Today I'll focus on David Whitgift's writings. In the very first chapter ("Introduction") he says that CM is more concerned with the relationships between items than with the contents of the items themselves:

This is because CM needs to understand the decomposition + dependencies among and between all the things that are necessary for a change to result in a correct + consistent version of the system that is usable to the rest of the team (or its stakeholders).

He also states that most of the problems that arise from poor CM and which CM is meant to resolve are issues of coordination/communication and control. And he gives a shopping list of common problems encountered in each of five different areas (change-management, version-management, build-management, repository-management, item identification/relationship management).

At the end of section 1.2 in the first chapter, Whitgift writes:

In the course of the book, five principles become apparent which are the keys to effective CM. They are that CM should be:
Proactive.
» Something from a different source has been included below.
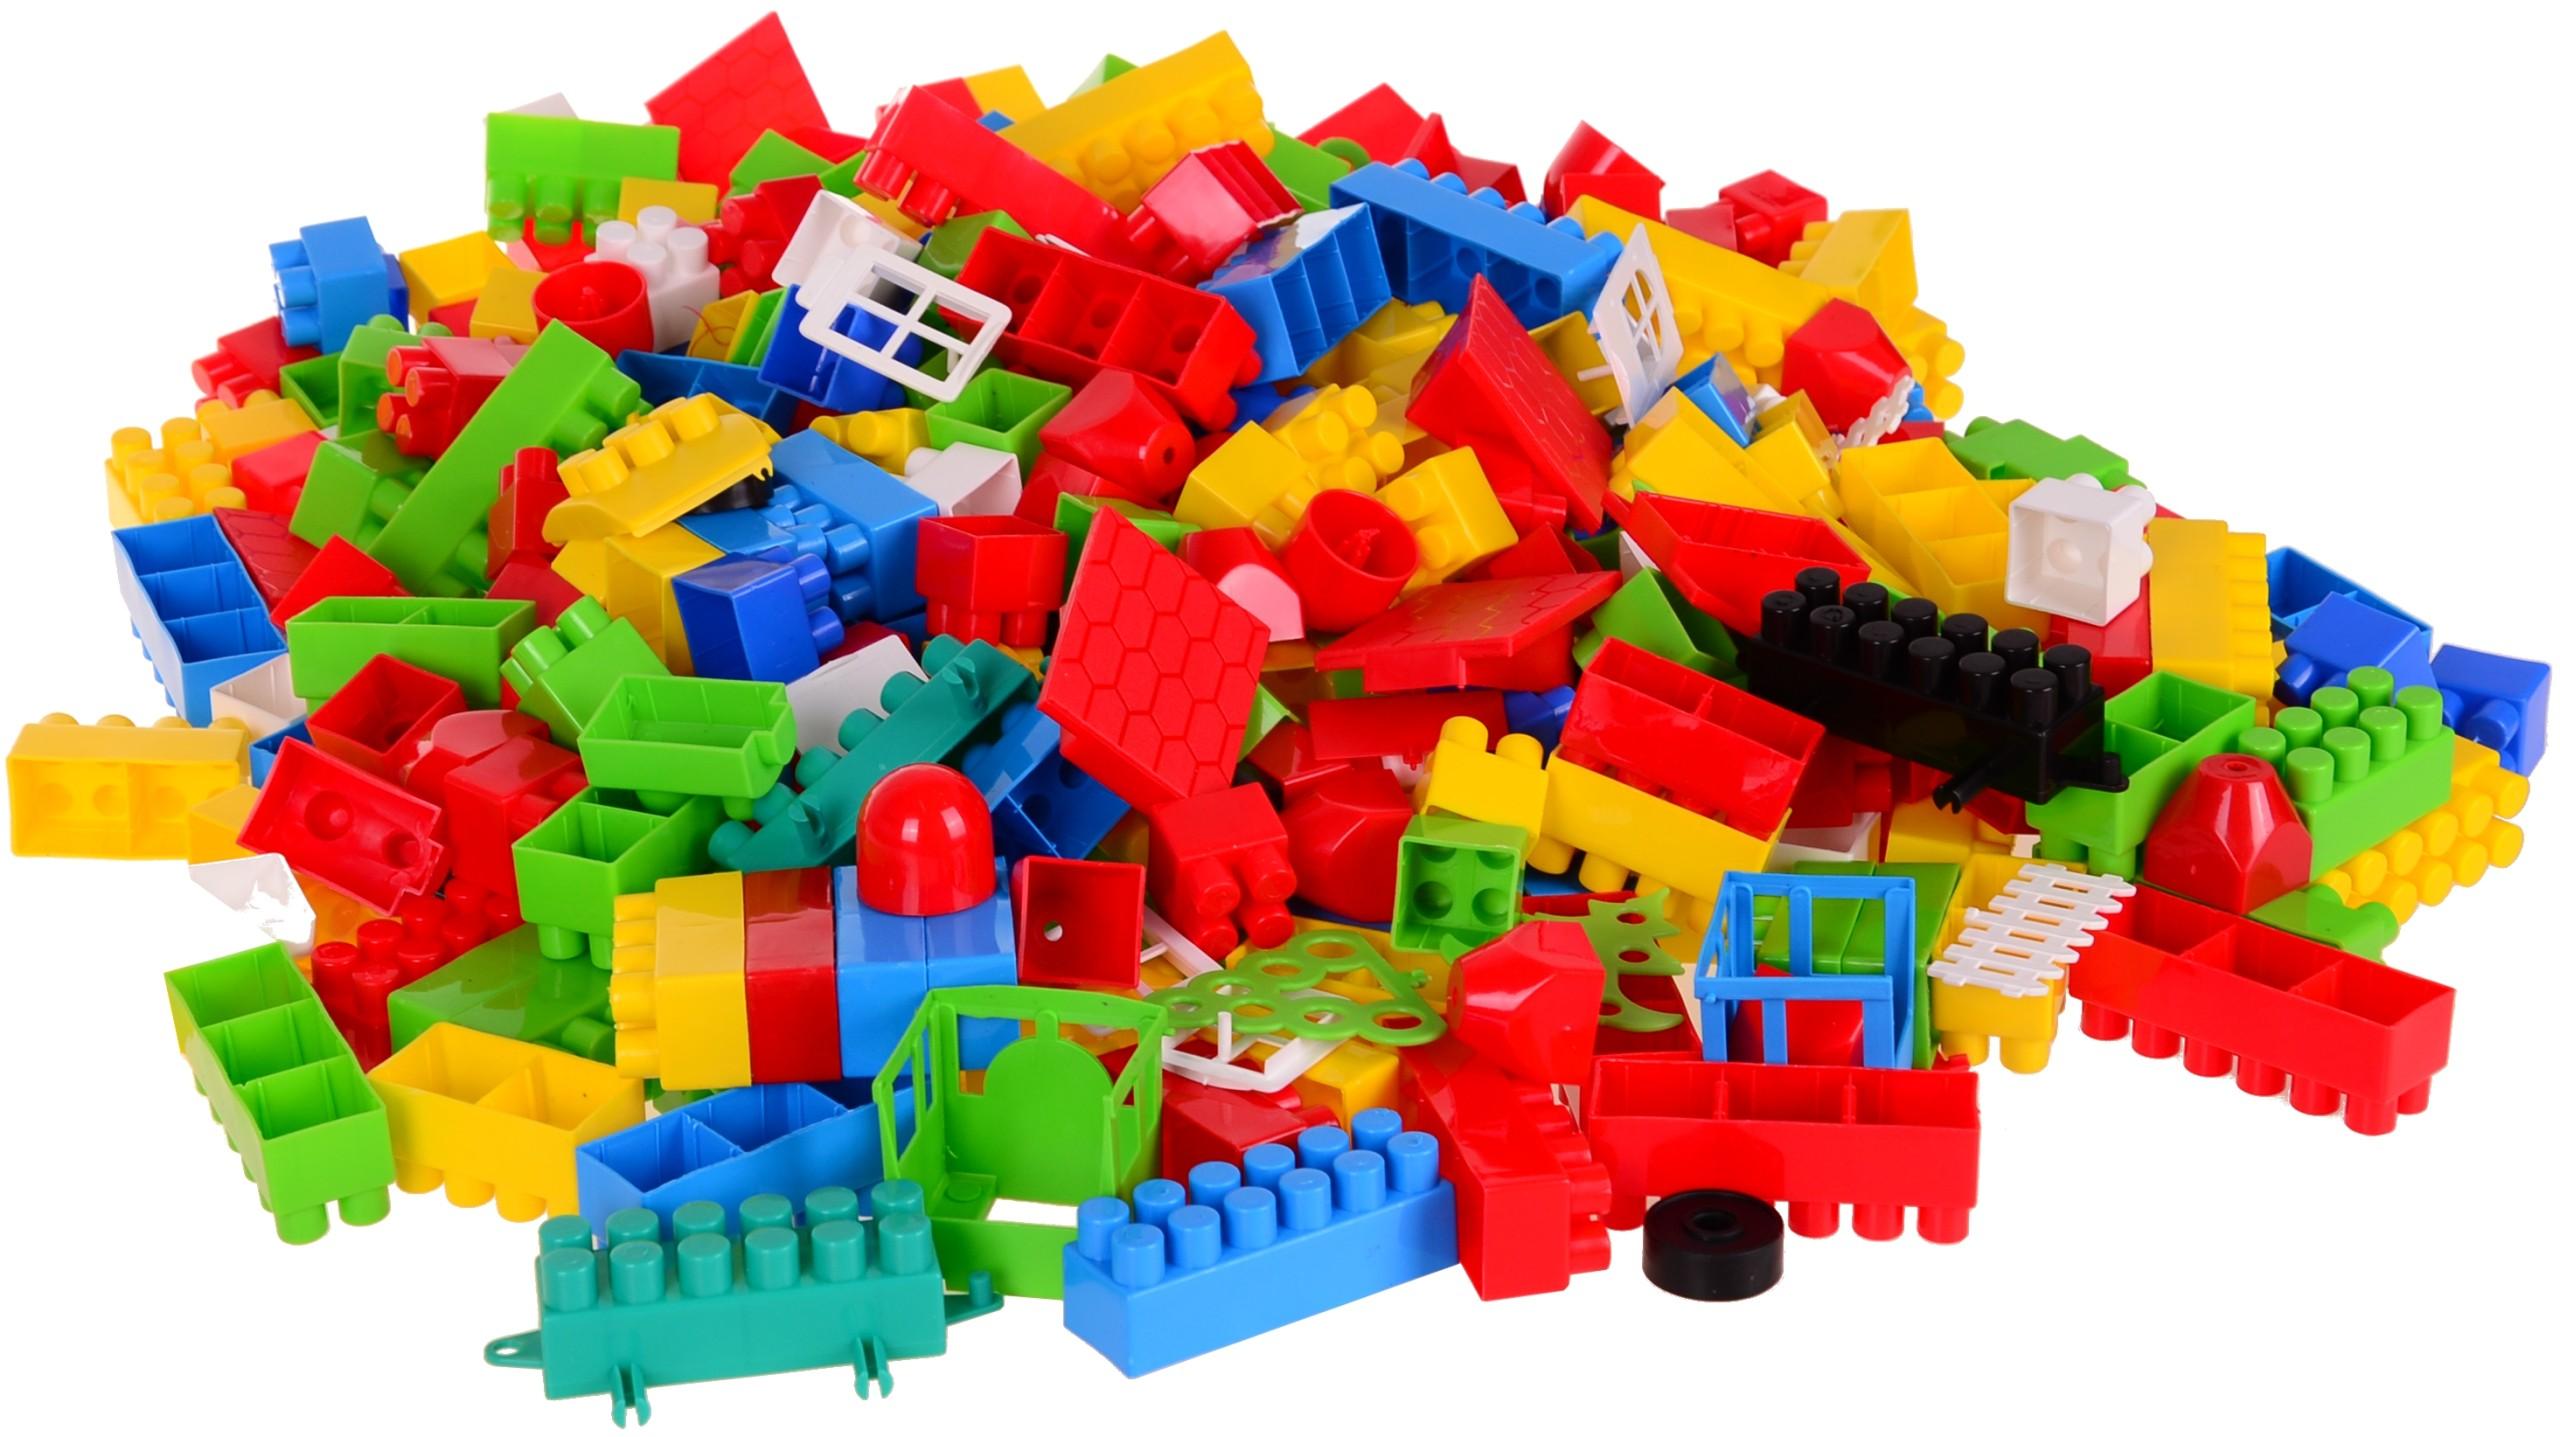 Stavebné bloky K2 BAJA 1000 ks BAG + vlak

CM should be viewed not so much as a solution to the problems listed in the previous section but as a collection of procedures which ensure the problems do not arise. All too often CM procedures are instituted in response to problems rather than to forestall them. CM must be carefully planned.
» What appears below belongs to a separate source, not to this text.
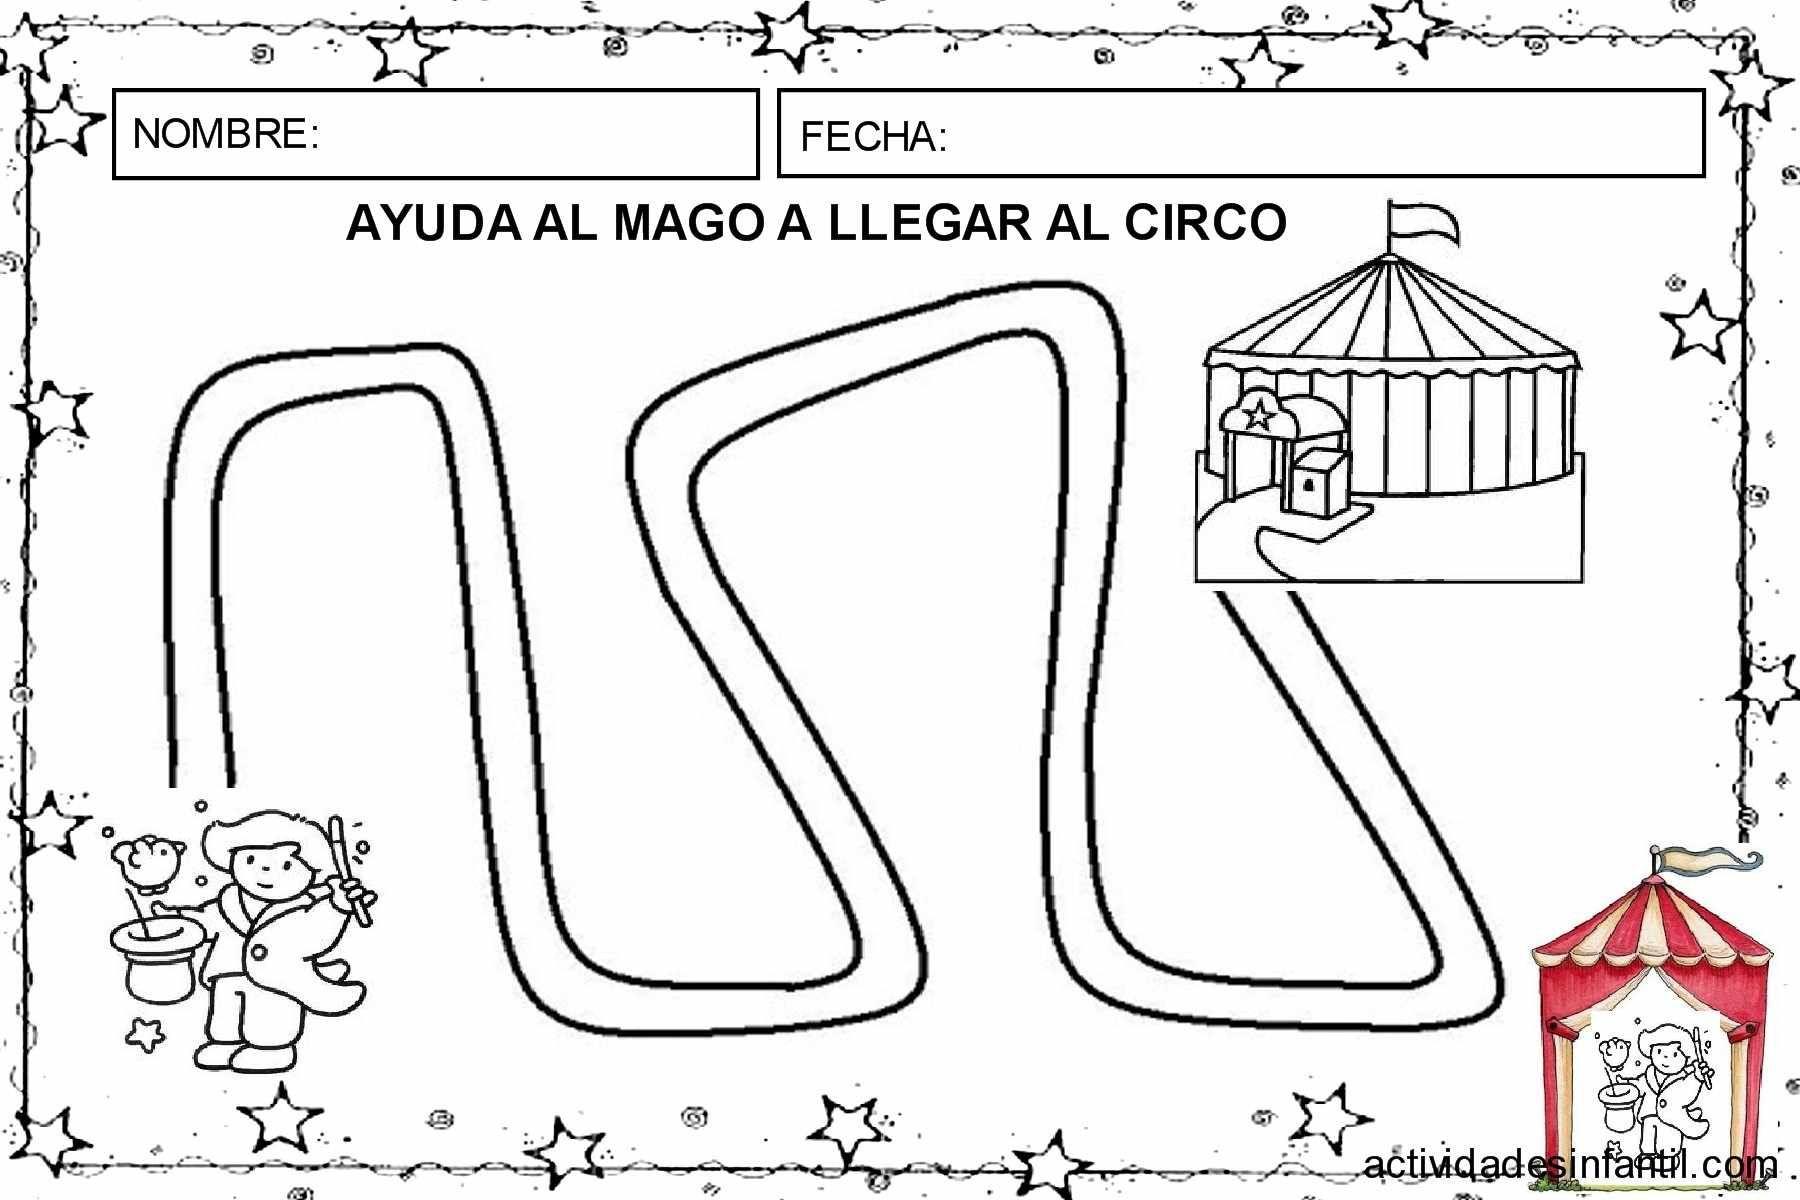 Dossier de trabajo: El circo de los magos (primera entrega) » Actividades infantil

Flexible. CM controls must be sensitive to the context in which they operate. Within a single project an element of code which is under development should not be subject to restrictive change control; once it has been tested and approved, change control needs to be formalized. Different projects may have very different CM requirements.

Automated. All aspects of CM can benefit from the use of software tools; for some aspects, CM tools are all but essential. Much of this book is concerned with describing how CM tools can help. Beware, however, that no CM tool is a panacea for all CM problems.

Integrated. CM should not be an administrative overhead with which engineers periodically have to contend. CM should be the linchpin which integrates everything an engineer does; it provides much more than a repository where completed items are deposited. Only if an engineer attempts to subvert CM controls should he or she be conscious of the restrictions which CM imposes.

Visible. Many of the issues raised in the previous section stem from ignorance of the content of items, the relationships between items, and the way items change. CM requires that any activity which affects items should be conducted according to clearly defined procedures which leave a visible and auditable record of the activity.

Whitgift's "proactivity principle" might seem a bit "Big Planning/Design Up Front" rather than responsive, adaptive, or emergent. And his "visibility principle" one may seem like heavyweight traceability and documentation. However, in light of being flexible, automated, and integrated, it might not be as bad as it sounds.

Each of the above five Principles of Effective CM seem (to me) to be potentially competing objectives ("forces") that need to be balanced when resolving a particular SCM problem. I wouldn't regard them as principles in the same sense as Robert Martin's "Principles of Object-Oriented Design."

Each of the subsequent chapters in Whitgift's text delves into various principles for the various sub-areas of CM. I write about those in subsequent blog-entries.